Segment Start: RECORDS FOR THE TASK

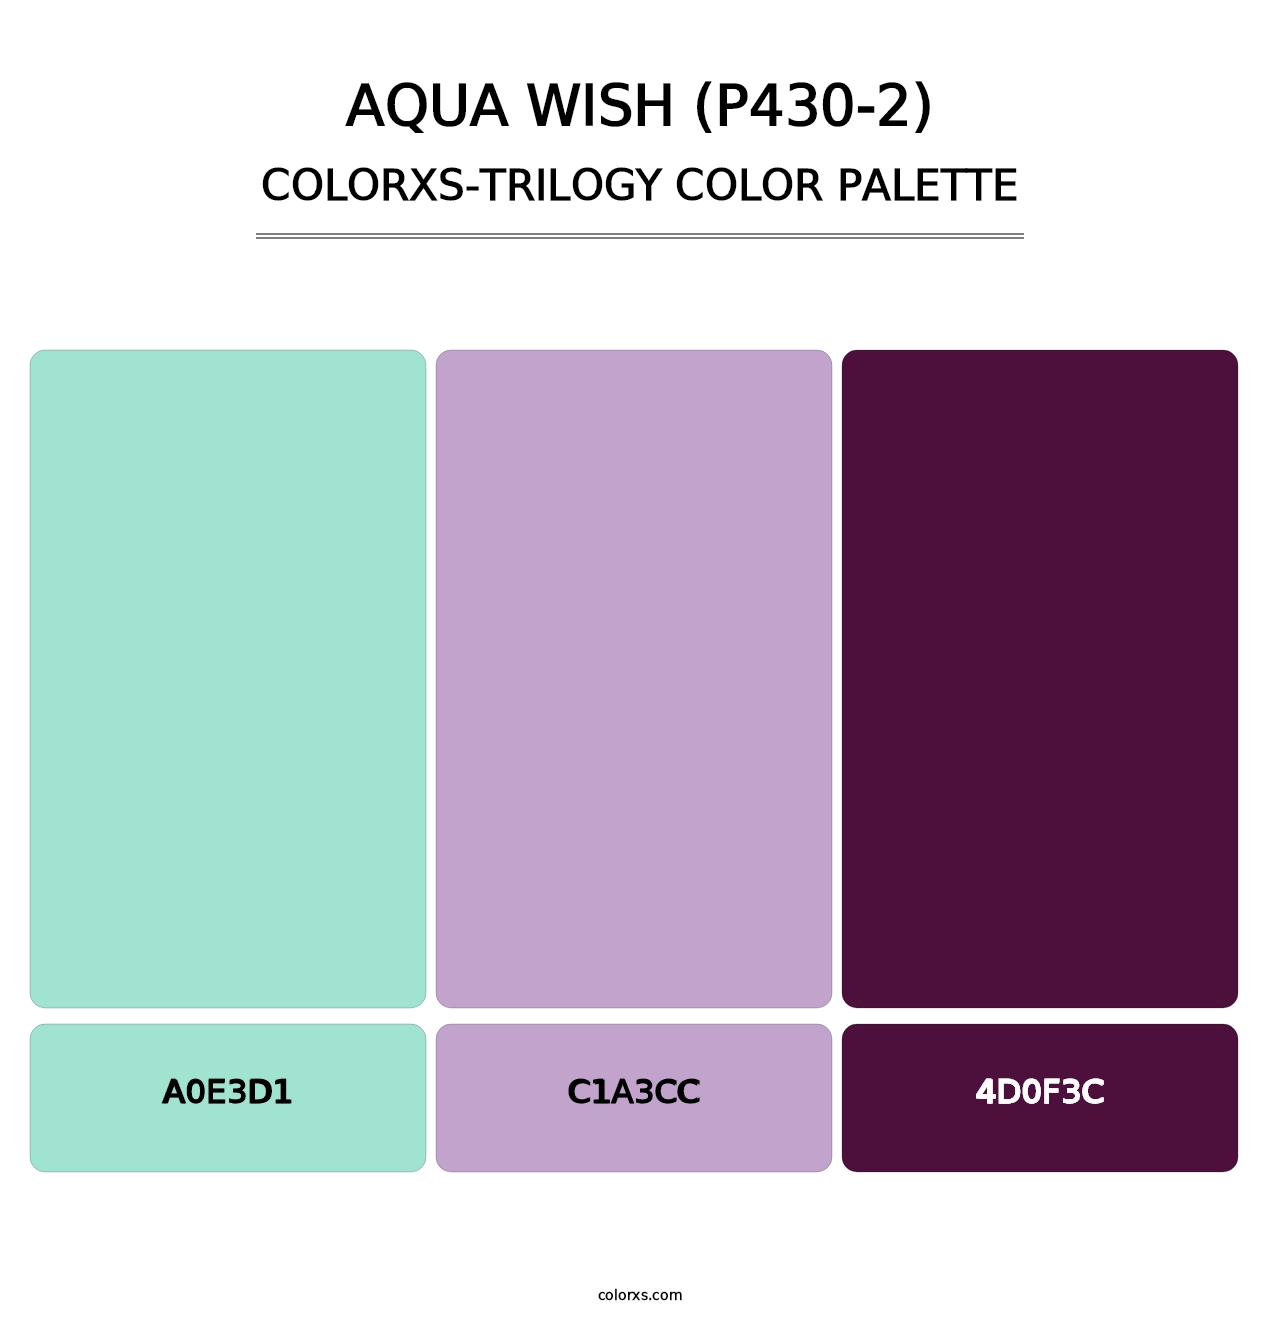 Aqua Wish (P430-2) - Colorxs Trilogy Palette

Segment End: RECORDS FOR THE TASK
Segment Start: RECORDS FOR THE TASK

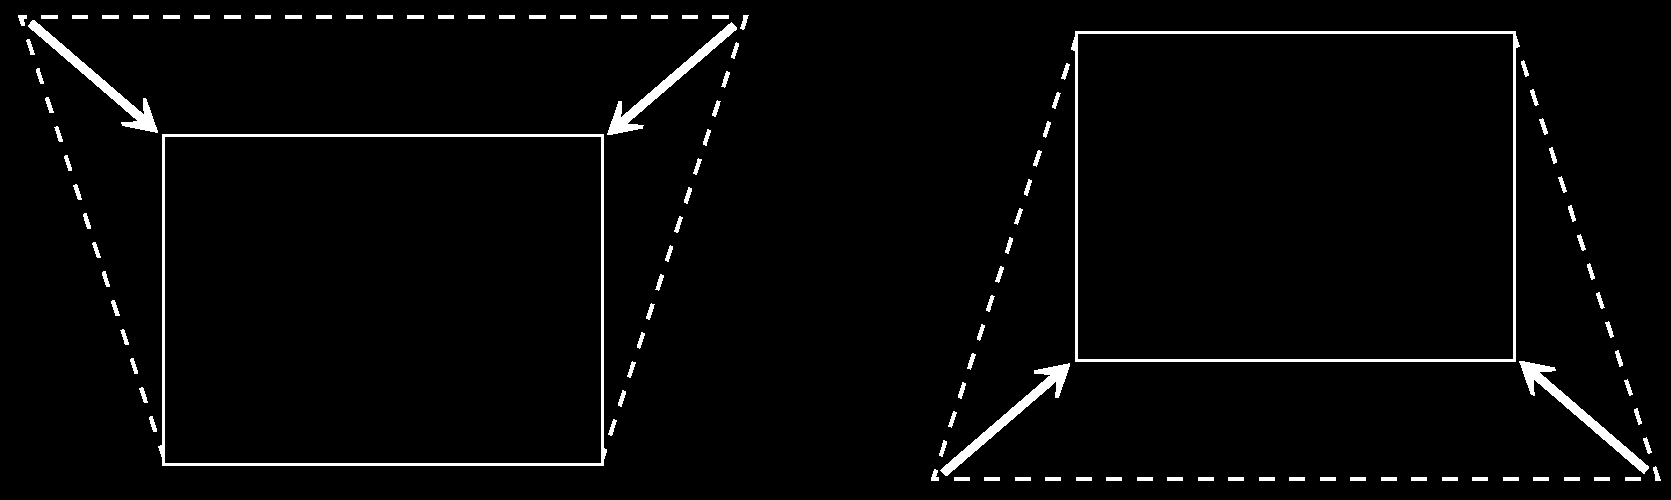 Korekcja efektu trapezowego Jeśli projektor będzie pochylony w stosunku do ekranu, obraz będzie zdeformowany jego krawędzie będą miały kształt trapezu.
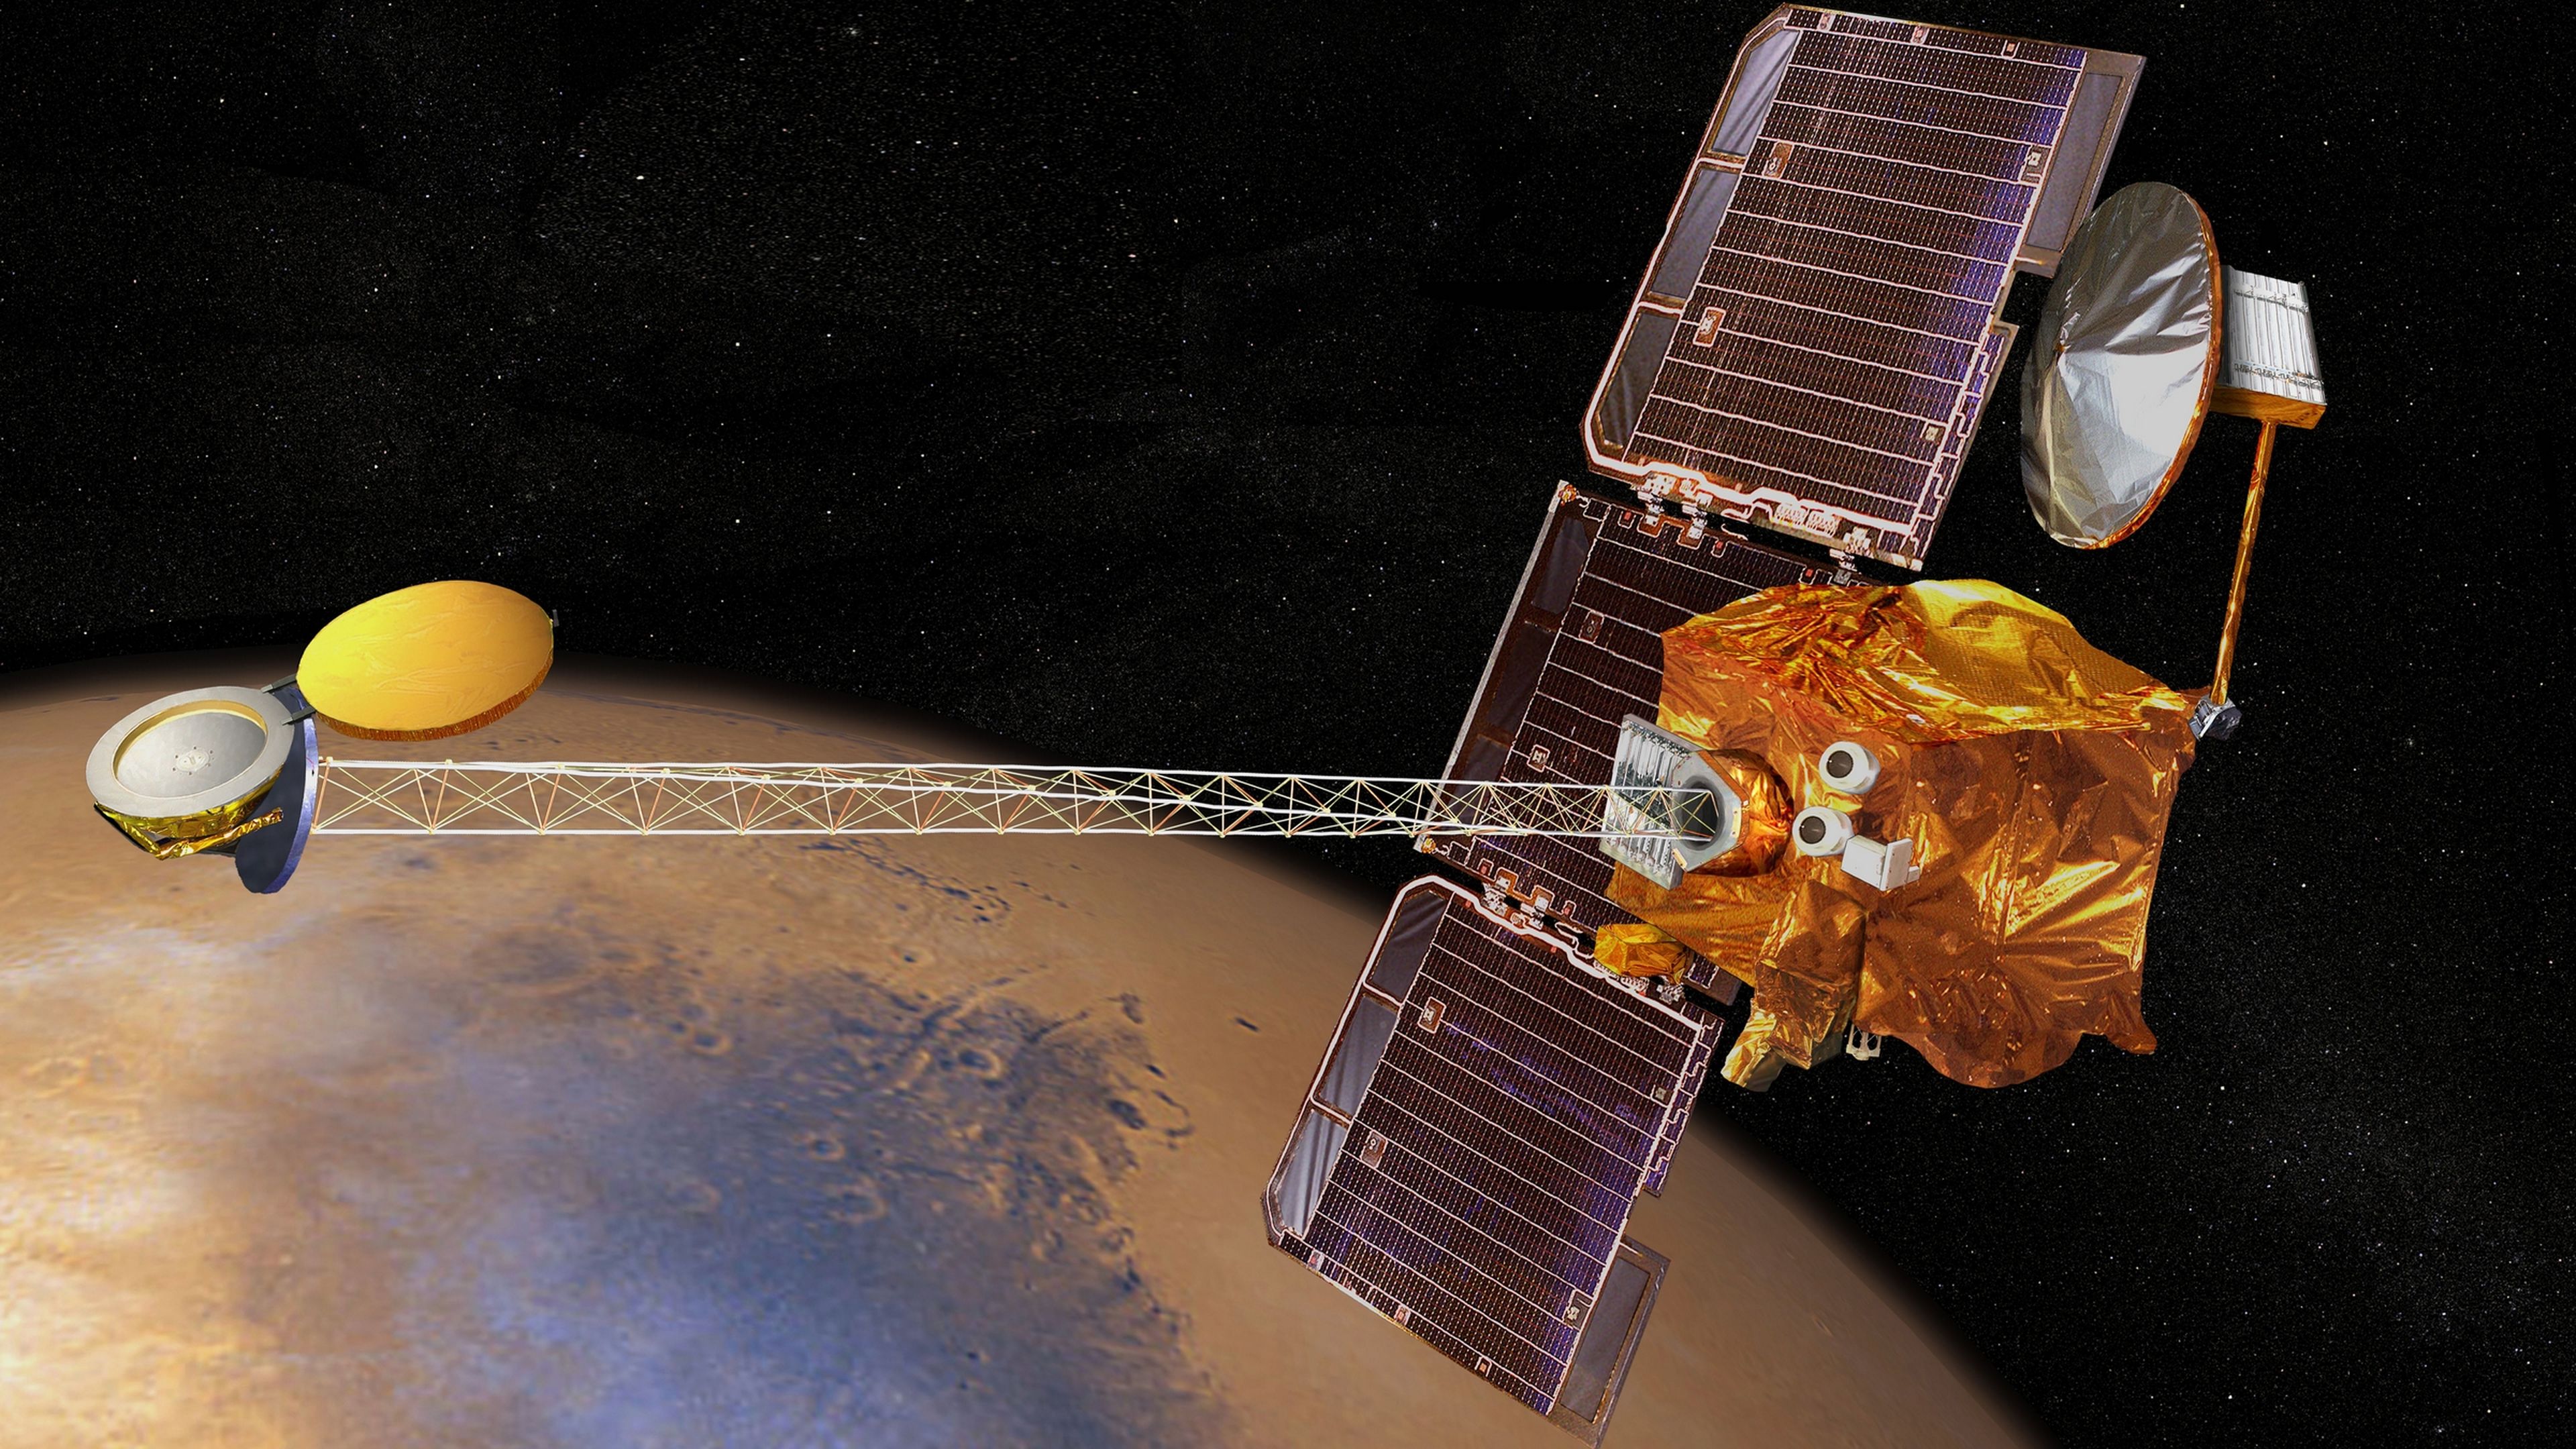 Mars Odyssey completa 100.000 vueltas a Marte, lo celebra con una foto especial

Segment End: RECORDS FOR THE TASK
Segment Start: RECORDS FOR THE TASK

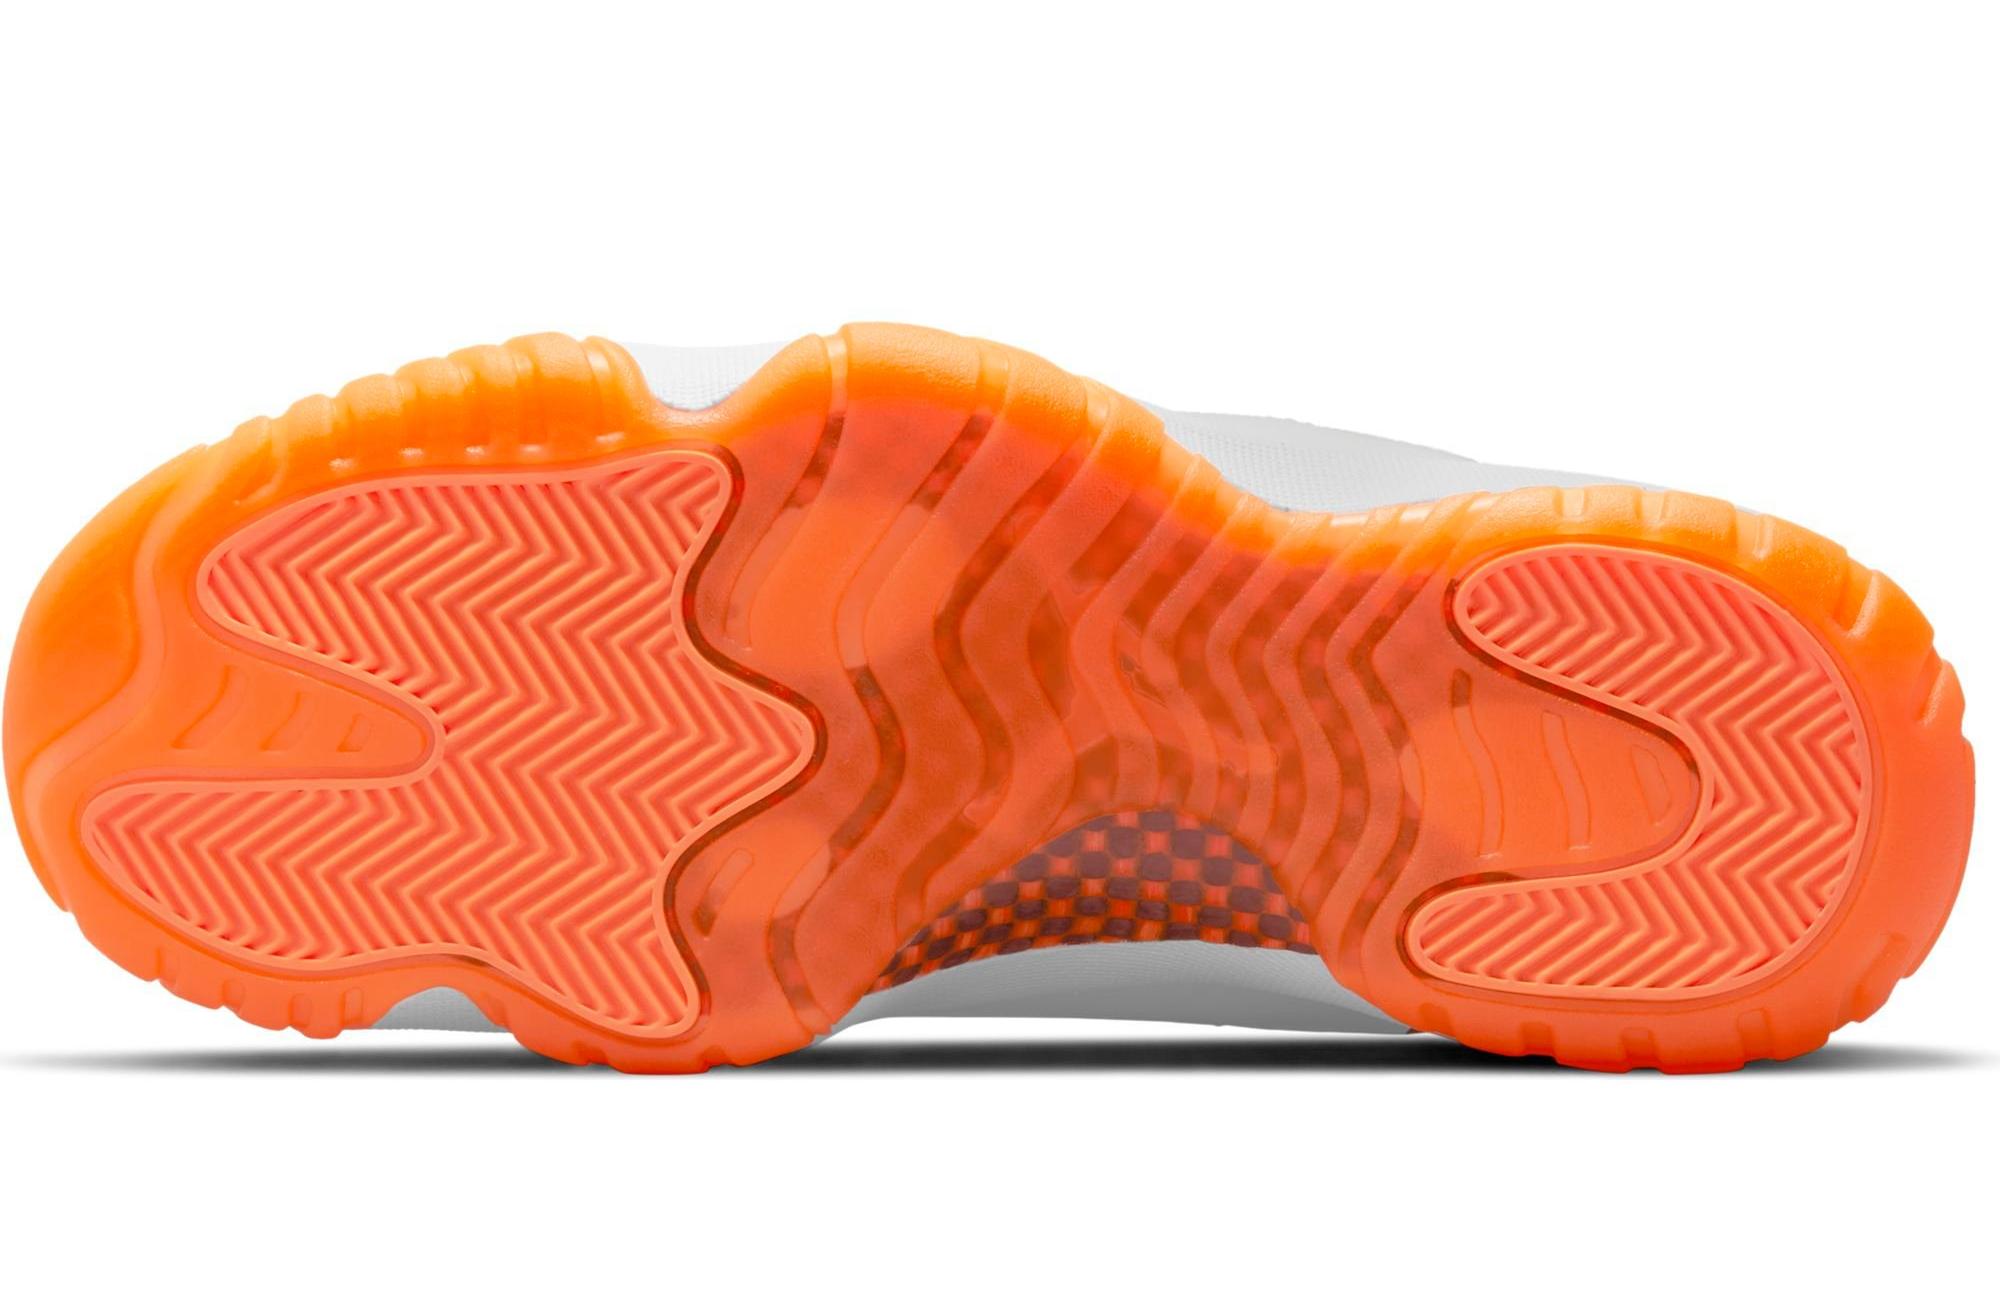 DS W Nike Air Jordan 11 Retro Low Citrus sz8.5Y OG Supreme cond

Segment End: RECORDS FOR THE TASK

## TASK OBJECTIVE
In the entries above, which lines run from the one with "Korekcja efektu trapezowego" up to and including the one with "Mars Odyssey completa"? Write them out exactly, without the pictures.

## OUTPUT OF THE EXERCISE
 Korekcja efektu trapezowego Jeśli projektor będzie pochylony w stosunku do ekranu, obraz będzie zdeformowany jego krawędzie będą miały kształt trapezu.
 Mars Odyssey completa 100.000 vueltas a Marte, lo celebra con una foto especial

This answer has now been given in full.